Extracted entries —
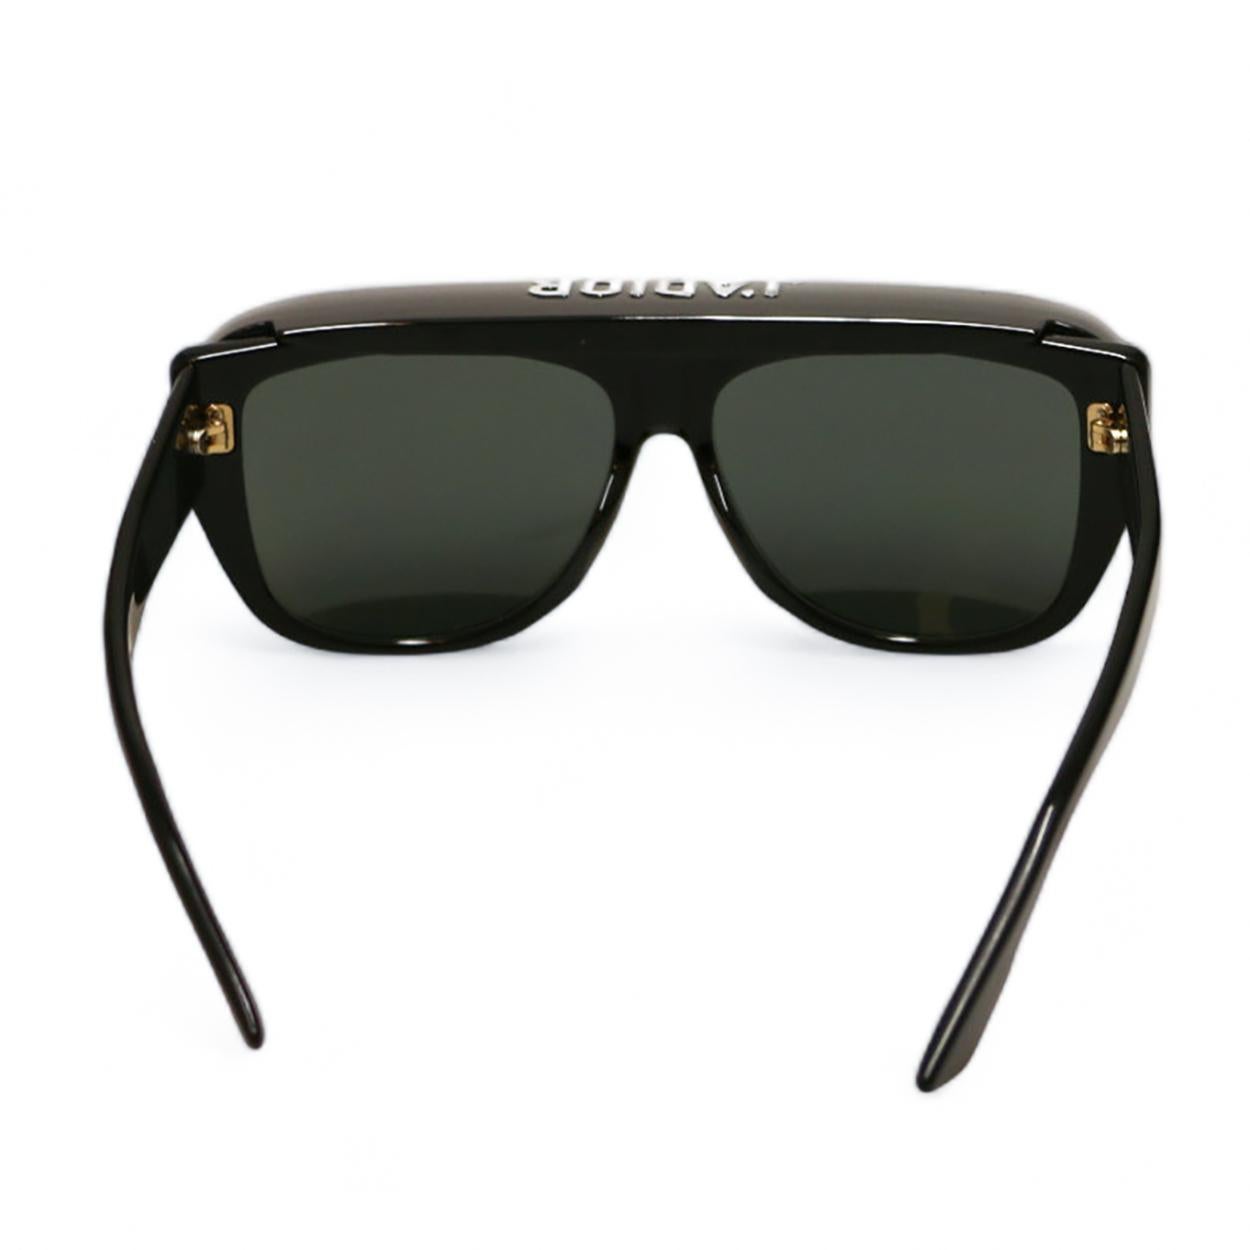 Amazing Dior sunglasses J'adior
Condition : excellent
Made in Italy
Model : women
Color : black
Material : acetate
Signature : DiorClub 2 
Serial number : yes, authenticity card
Details : delivered with the authenticity card and some cloth
Delivered
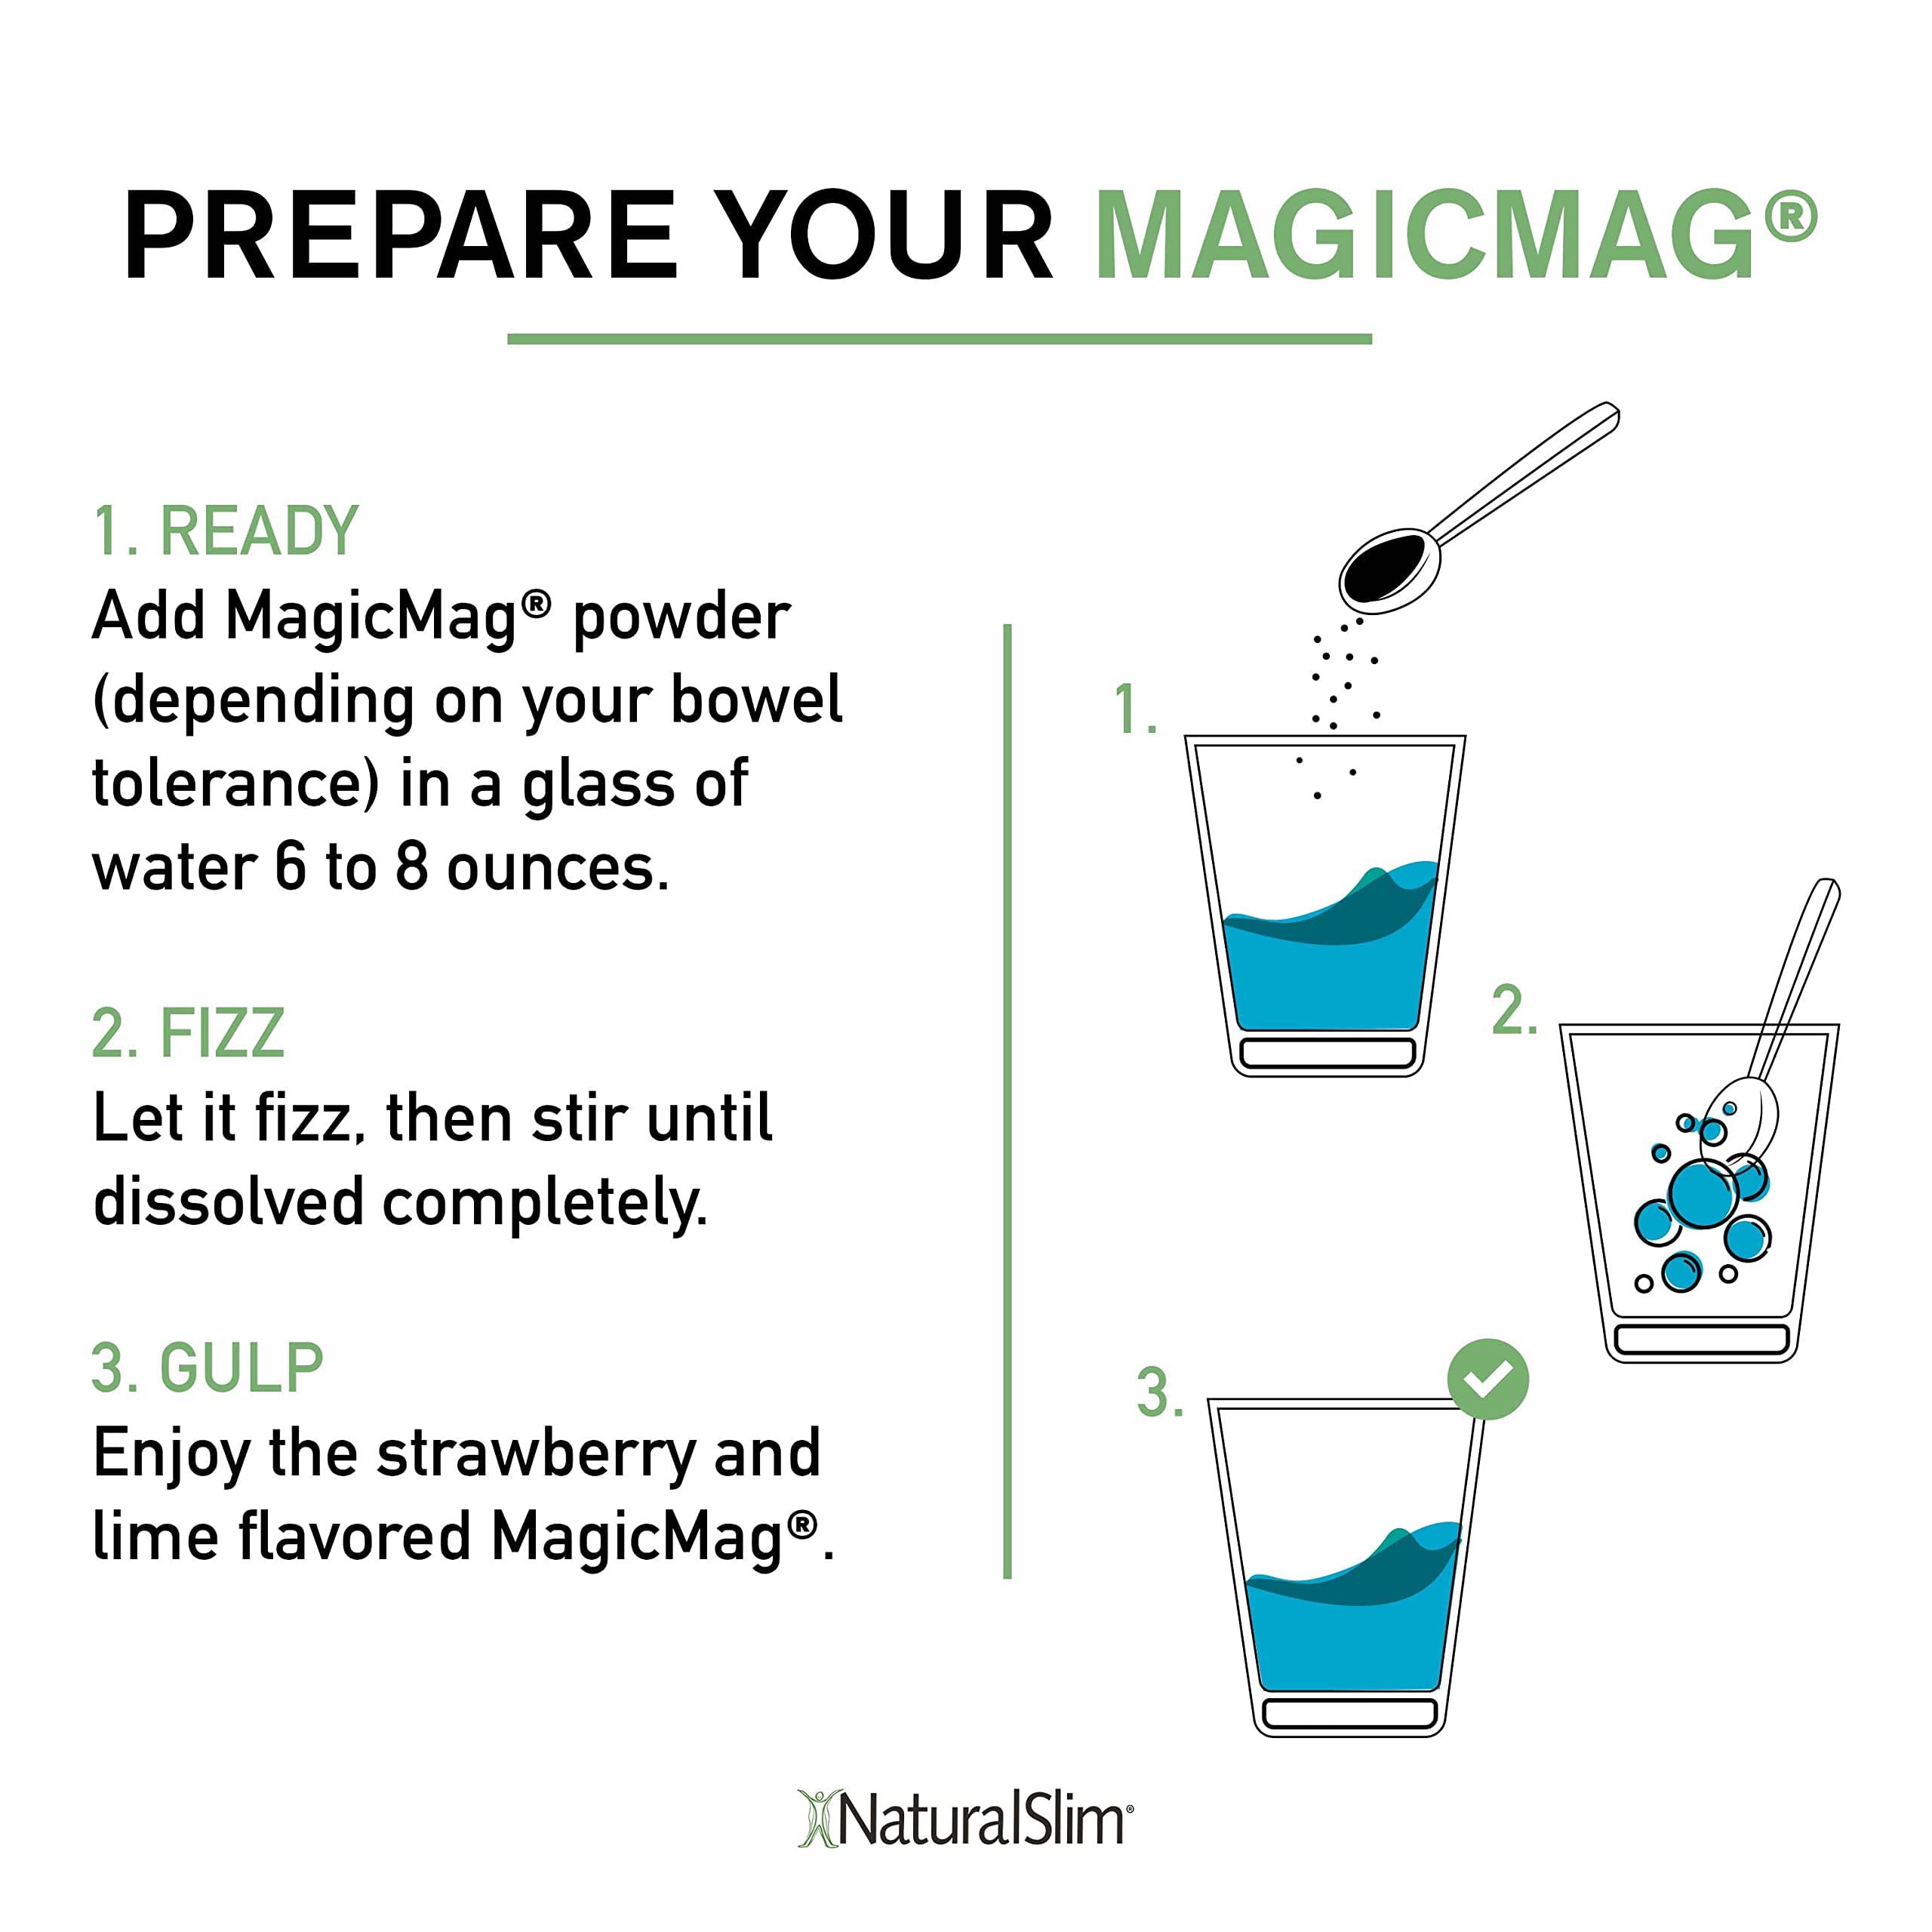 NaturalSlim Dynamic Duo - MagicMag Magnesium Powder Stress & Sleep Support Drink & Kadsorb Potassium Caps Electrolyte Balance Normal pH Support - Natural Aid for a Slow Metabolism
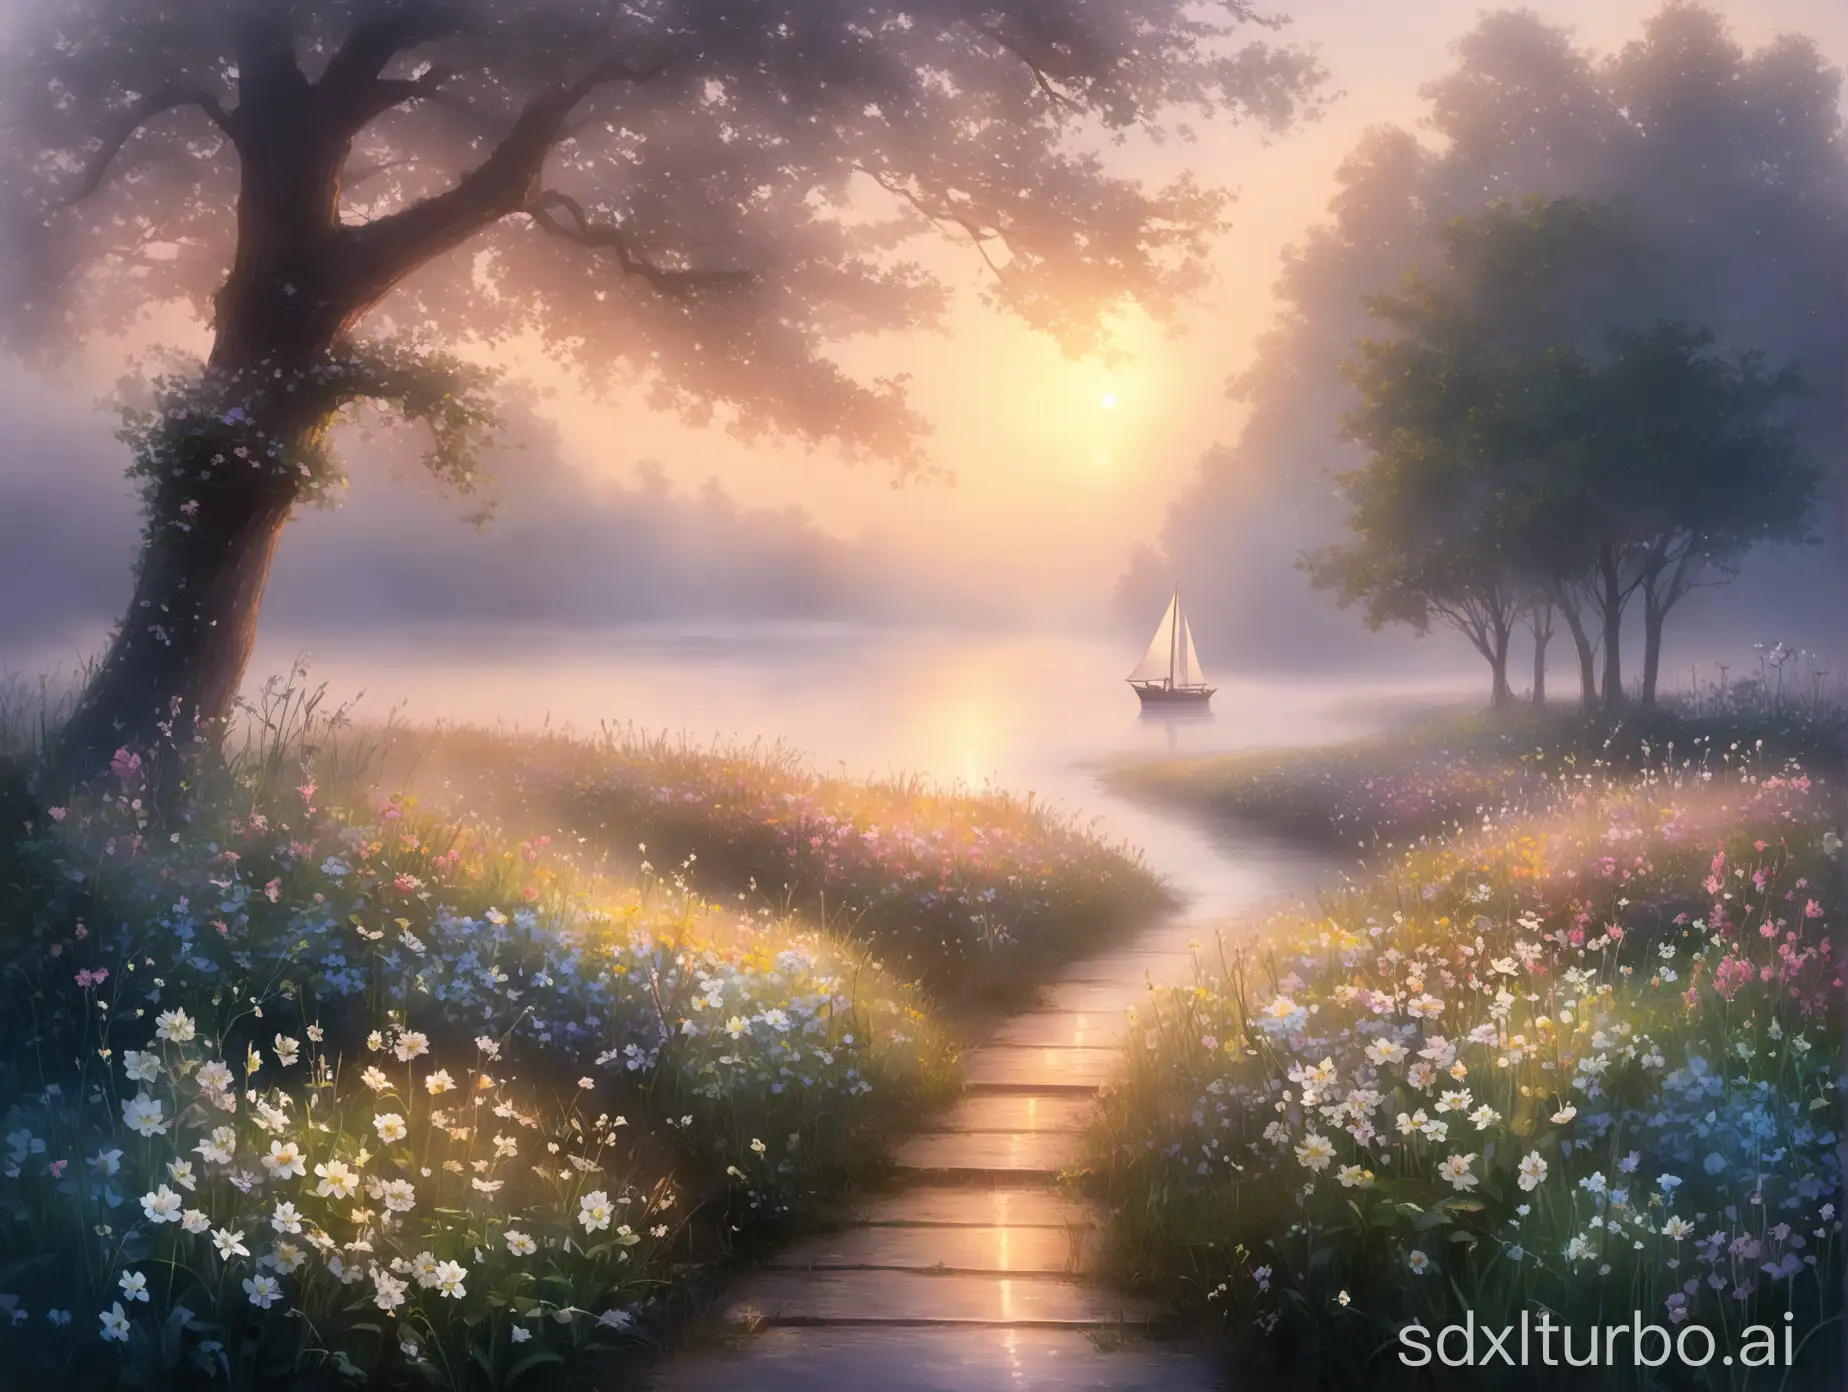 Mist gently strokes the journey, dawn lights up hope; Heartbeats follow the dance steps of the wind, song wakes up the fragrance of flowers; Every breath is a new set sail, Adventure unfolds unintentionally, quietly blooming.

Problem details — Without including any picture, print every record exactly as written above.

Your response —
 Amazing Dior sunglasses J'adior
Condition : excellent
Made in Italy
Model : women
Color : black
Material : acetate
Signature : DiorClub 2 
Serial number : yes, authenticity card
Details : delivered with the authenticity card and some cloth
Delivered
 NaturalSlim Dynamic Duo - MagicMag Magnesium Powder Stress & Sleep Support Drink & Kadsorb Potassium Caps Electrolyte Balance Normal pH Support - Natural Aid for a Slow Metabolism
 Mist gently strokes the journey, dawn lights up hope; Heartbeats follow the dance steps of the wind, song wakes up the fragrance of flowers; Every breath is a new set sail, Adventure unfolds unintentionally, quietly blooming.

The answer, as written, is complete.